Иван кивнул и продолжил:

—Одним словом, повстречался там с твоей дорогой племянницей у охотничьего костерка, который я и развёл, чтобы сварить хлёбово из дичи на всю компанию. Окружили котёл, а ложка на всех одна, и то — моя. С шуточками похлебали супу. И она не отказалась. Там не покричишь, что когда-то со мной не хлебала лаптем похлёбку, компания смиряет норов. Подле неё селезнем кружился какой-то важный дядя, пожалуй, постарше её лет на двадцать.

—Как же она не узнала тебя? — спросила Даня, оторопев от новости.

—В сумерках, видать, сразу не признала, да и не ожидала, а когда пригляделась, то не показала виду. Вскоре сбежала с тем дядькой. За болотом постреливали, но вернулись без птицы.

—А что зазорного в охоте? Вдруг тот человек нужен по службе, — выгораживала Даня племянницу, хотя про себя считала иначе.

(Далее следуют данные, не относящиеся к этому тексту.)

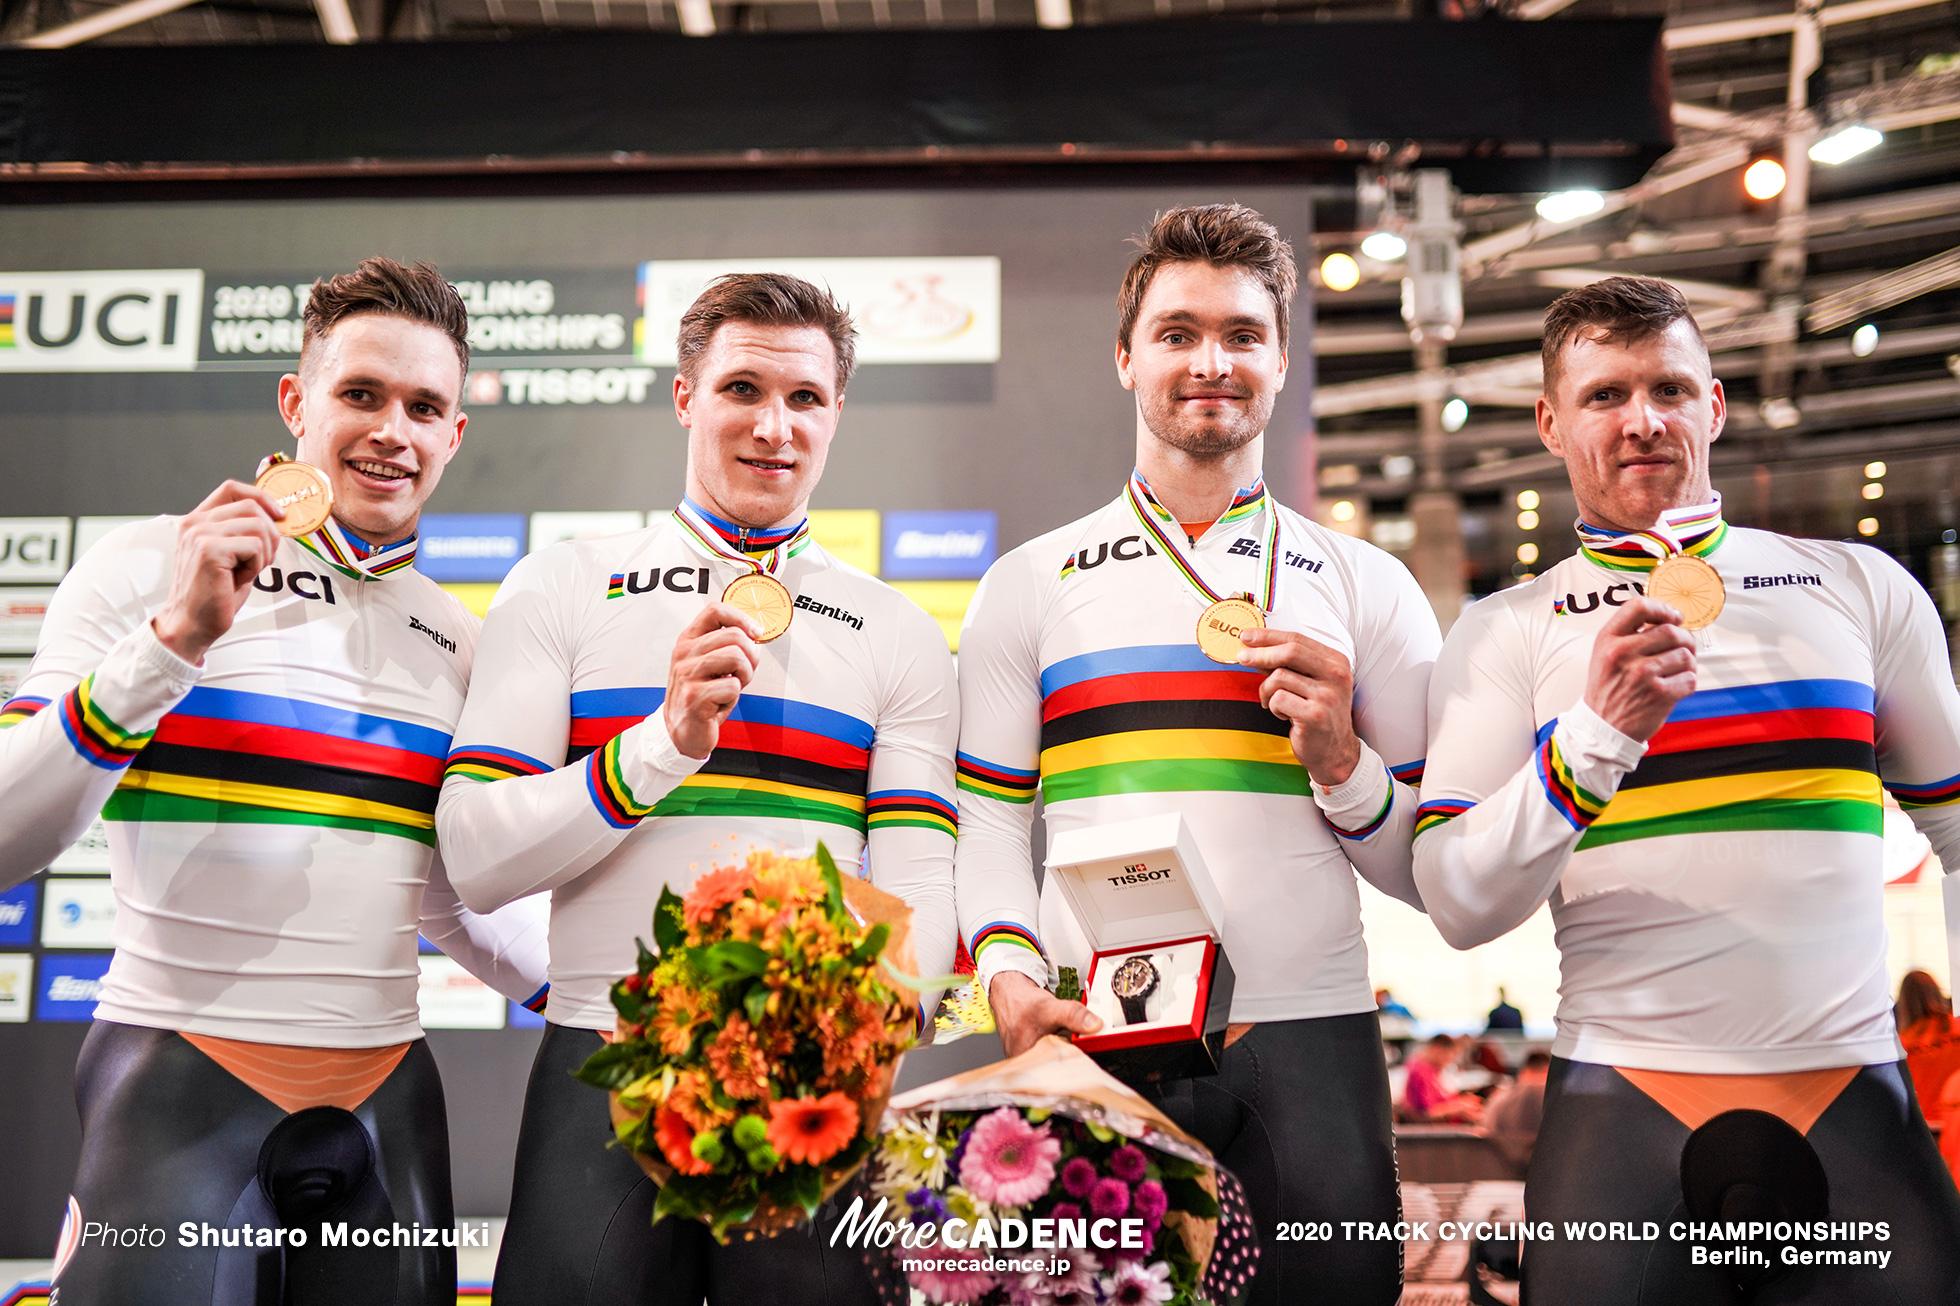 Final / Men's Team Sprint / 2020 Track Cycling World Championships /オランダ Netherlands/ ロイ・バンデンバーグ Roy van den Berg, ハリー・ラブレイセン Harrie Lavreysen, ジェフリー・ホーフラント Jeffrey Hoogland, マティエス・ブフリ Matthijs Buchli

—Сразу видно, побултыхалась среди начальства, познала их слабинку, — осторожно намекнул Иван, словно боясь обидеть гостью. — И не мое дело, какими путями она пробивает себе карьеру. Там, у костра, ну хоть бы тайком поздоровалась. Ведь на наших глазах вставала на ноги, не чужие. Я мог бы отмахнуться от её гордыни, да детей жалко.

—Ох, вижу её в год раз, а то и реже, пока сама не заявлюсь, как нынче. Вы рядом с нею, а не можете перекинуть мосток. И дети вон дружат, — пожалела Даня.

—Чтобы отвадить нашего Сергея, она при людях охаивает дочь свою. Заругала Светлану за парикмахерскую, вроде работа нечистая, похожая на тётушкину, всю жизнь не вылезала из навозных коровников. Жёсткими словами хлещет, как цепом по снопу… — нажаловалась Ксеня. И призналась: —Знаешь, Таня, сыну своему говорила: отстань, коли Светиной маме не по душе, иначе и тебя изведёт и обхаит. Мы простые и доверчивые, нас легко затоптать.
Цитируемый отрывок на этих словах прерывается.